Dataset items
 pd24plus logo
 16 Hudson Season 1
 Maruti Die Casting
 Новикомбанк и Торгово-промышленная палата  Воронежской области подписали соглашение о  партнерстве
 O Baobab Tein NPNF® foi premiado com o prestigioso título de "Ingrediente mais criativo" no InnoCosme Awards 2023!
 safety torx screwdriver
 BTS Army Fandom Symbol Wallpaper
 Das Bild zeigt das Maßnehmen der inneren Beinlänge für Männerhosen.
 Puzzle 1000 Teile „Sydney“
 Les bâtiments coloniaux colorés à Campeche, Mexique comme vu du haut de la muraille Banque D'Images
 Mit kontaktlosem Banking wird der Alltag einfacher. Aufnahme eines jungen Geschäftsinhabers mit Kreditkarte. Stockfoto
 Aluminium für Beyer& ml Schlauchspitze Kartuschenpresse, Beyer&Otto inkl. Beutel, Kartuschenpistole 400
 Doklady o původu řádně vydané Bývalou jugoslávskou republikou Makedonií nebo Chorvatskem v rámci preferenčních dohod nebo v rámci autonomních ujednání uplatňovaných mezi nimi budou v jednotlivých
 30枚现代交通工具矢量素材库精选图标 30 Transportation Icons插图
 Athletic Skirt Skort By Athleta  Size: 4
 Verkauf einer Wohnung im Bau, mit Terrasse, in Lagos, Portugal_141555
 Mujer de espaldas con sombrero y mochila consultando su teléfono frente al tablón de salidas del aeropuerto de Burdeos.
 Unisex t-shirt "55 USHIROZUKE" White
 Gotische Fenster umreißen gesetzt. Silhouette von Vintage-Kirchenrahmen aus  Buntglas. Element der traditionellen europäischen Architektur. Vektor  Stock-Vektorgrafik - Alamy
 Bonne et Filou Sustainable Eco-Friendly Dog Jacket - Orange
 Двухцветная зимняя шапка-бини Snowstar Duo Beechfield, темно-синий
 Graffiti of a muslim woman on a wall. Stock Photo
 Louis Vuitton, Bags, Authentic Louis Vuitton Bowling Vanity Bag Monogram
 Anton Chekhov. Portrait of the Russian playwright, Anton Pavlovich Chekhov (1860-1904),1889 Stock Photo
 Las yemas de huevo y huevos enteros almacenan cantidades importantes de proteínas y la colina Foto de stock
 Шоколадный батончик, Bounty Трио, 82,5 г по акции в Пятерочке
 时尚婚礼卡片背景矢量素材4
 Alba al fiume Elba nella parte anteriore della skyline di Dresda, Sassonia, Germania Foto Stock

§ What to do: With nothing omitted, set down all of the records again.

§ Solution:
 pd24plus logo
 16 Hudson Season 1
 Maruti Die Casting
 Новикомбанк и Торгово-промышленная палата  Воронежской области подписали соглашение о  партнерстве
 O Baobab Tein NPNF® foi premiado com o prestigioso título de "Ingrediente mais criativo" no InnoCosme Awards 2023!
 safety torx screwdriver
 BTS Army Fandom Symbol Wallpaper
 Das Bild zeigt das Maßnehmen der inneren Beinlänge für Männerhosen.
 Puzzle 1000 Teile „Sydney“
 Les bâtiments coloniaux colorés à Campeche, Mexique comme vu du haut de la muraille Banque D'Images
 Mit kontaktlosem Banking wird der Alltag einfacher. Aufnahme eines jungen Geschäftsinhabers mit Kreditkarte. Stockfoto
 Aluminium für Beyer& ml Schlauchspitze Kartuschenpresse, Beyer&Otto inkl. Beutel, Kartuschenpistole 400
 Doklady o původu řádně vydané Bývalou jugoslávskou republikou Makedonií nebo Chorvatskem v rámci preferenčních dohod nebo v rámci autonomních ujednání uplatňovaných mezi nimi budou v jednotlivých
 30枚现代交通工具矢量素材库精选图标 30 Transportation Icons插图
 Athletic Skirt Skort By Athleta  Size: 4
 Verkauf einer Wohnung im Bau, mit Terrasse, in Lagos, Portugal_141555
 Mujer de espaldas con sombrero y mochila consultando su teléfono frente al tablón de salidas del aeropuerto de Burdeos.
 Unisex t-shirt "55 USHIROZUKE" White
 Gotische Fenster umreißen gesetzt. Silhouette von Vintage-Kirchenrahmen aus  Buntglas. Element der traditionellen europäischen Architektur. Vektor  Stock-Vektorgrafik - Alamy
 Bonne et Filou Sustainable Eco-Friendly Dog Jacket - Orange
 Двухцветная зимняя шапка-бини Snowstar Duo Beechfield, темно-синий
 Graffiti of a muslim woman on a wall. Stock Photo
 Louis Vuitton, Bags, Authentic Louis Vuitton Bowling Vanity Bag Monogram
 Anton Chekhov. Portrait of the Russian playwright, Anton Pavlovich Chekhov (1860-1904),1889 Stock Photo
 Las yemas de huevo y huevos enteros almacenan cantidades importantes de proteínas y la colina Foto de stock
 Шоколадный батончик, Bounty Трио, 82,5 г по акции в Пятерочке
 时尚婚礼卡片背景矢量素材4
 Alba al fiume Elba nella parte anteriore della skyline di Dresda, Sassonia, Germania Foto Stock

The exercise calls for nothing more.